-- Data excerpt follows --
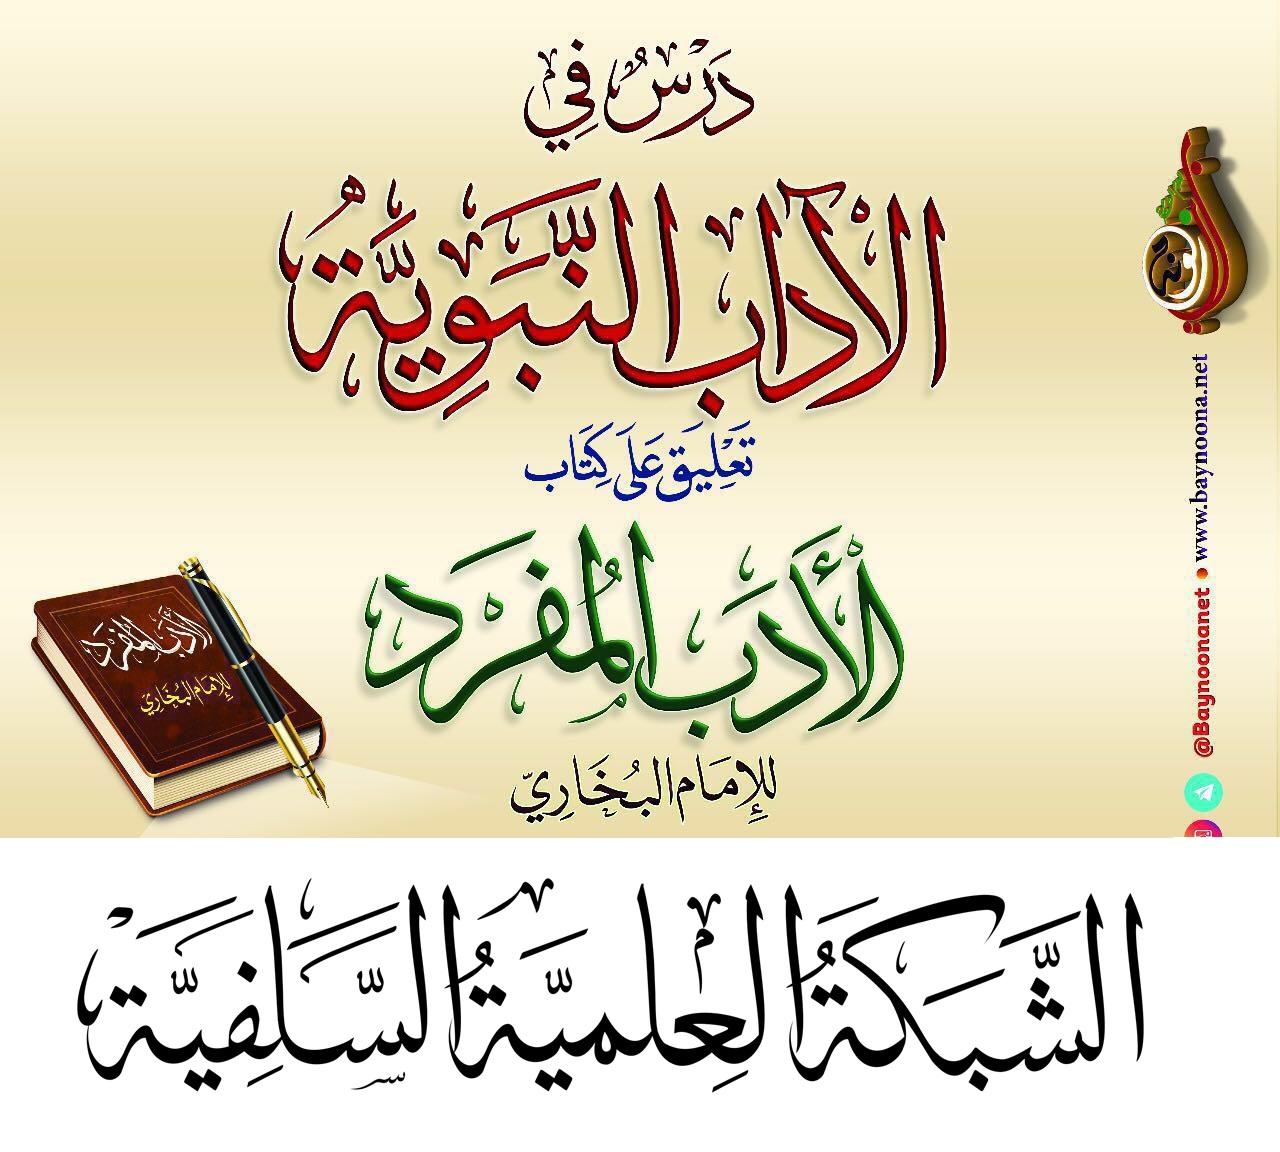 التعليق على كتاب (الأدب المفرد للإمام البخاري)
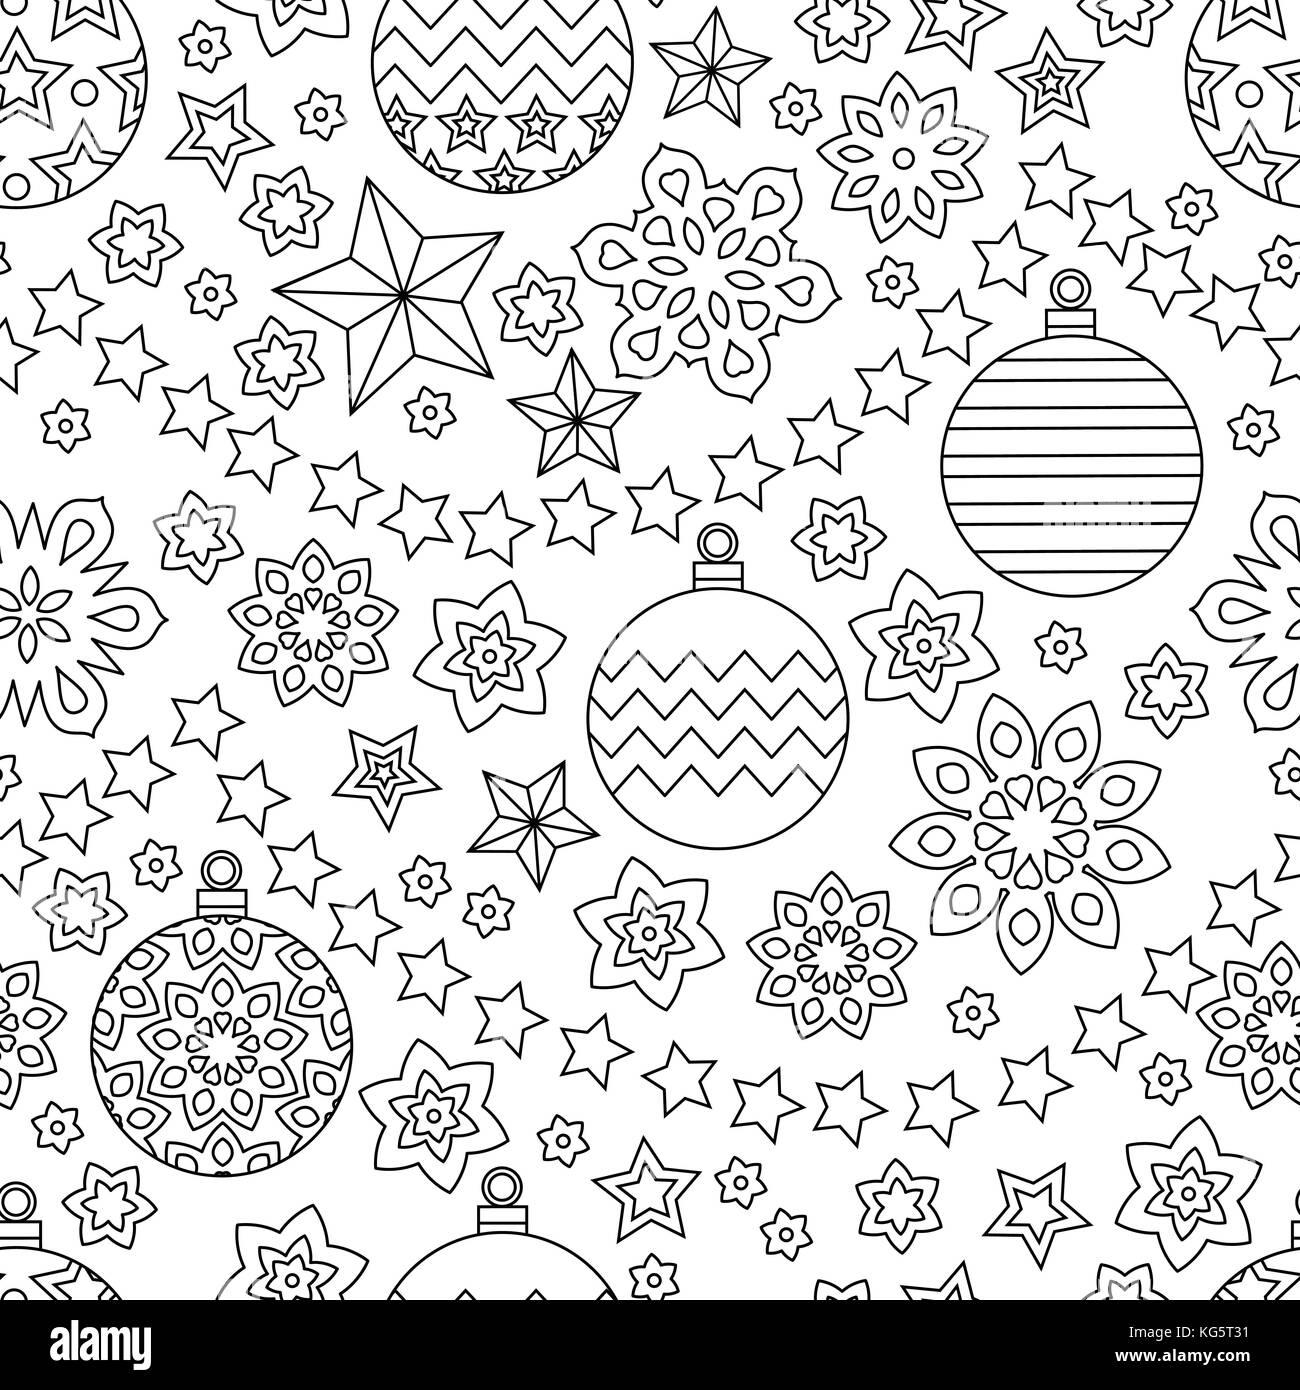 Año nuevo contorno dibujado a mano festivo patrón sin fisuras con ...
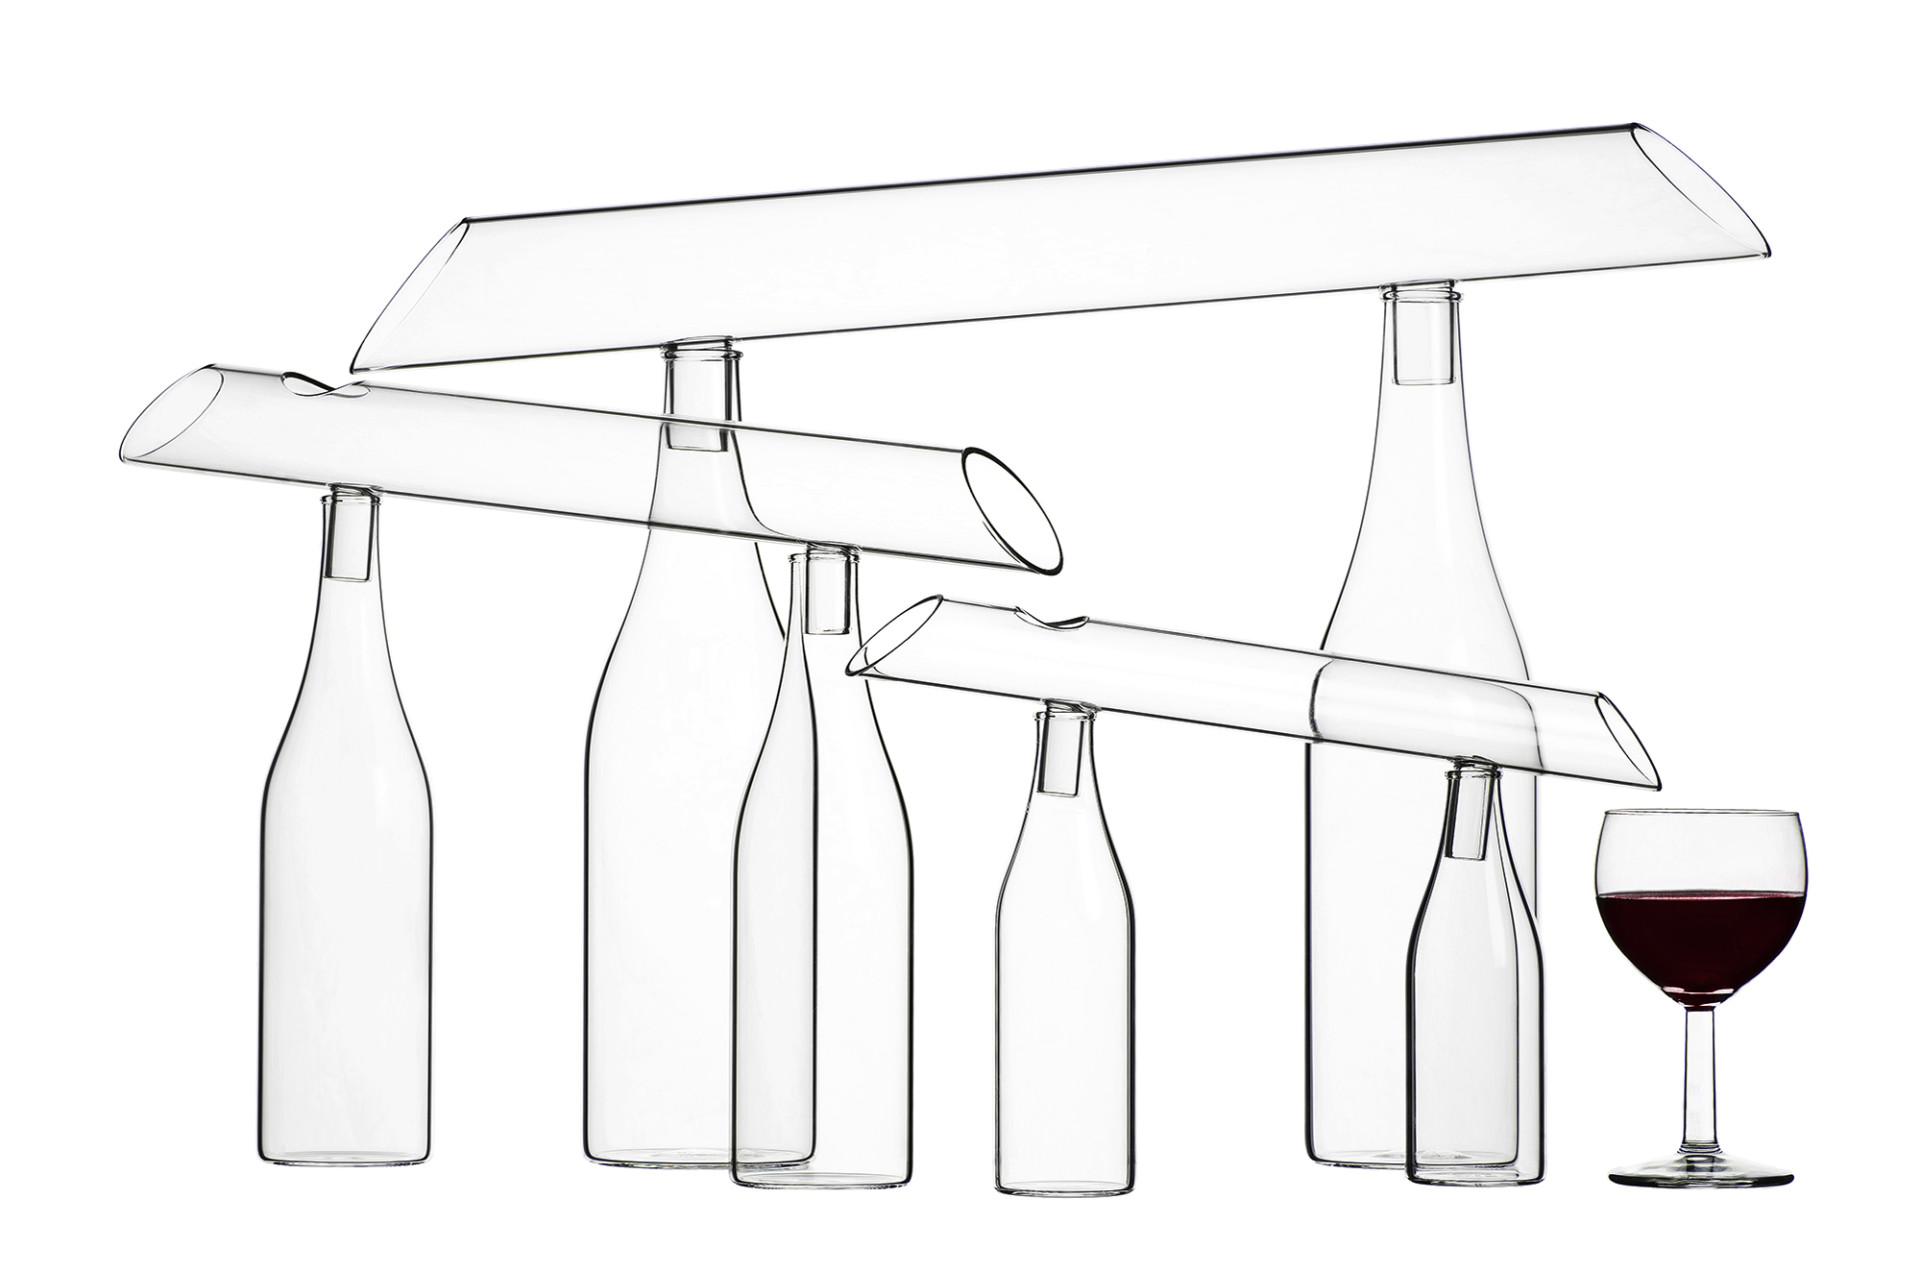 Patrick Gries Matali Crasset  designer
-- Data excerpt concluded --
About this exercise »
Give the data again exactly. Keep the images out.

Answer to this problem »
 التعليق على كتاب (الأدب المفرد للإمام البخاري)
 Año nuevo contorno dibujado a mano festivo patrón sin fisuras con ...
 Patrick Gries Matali Crasset  designer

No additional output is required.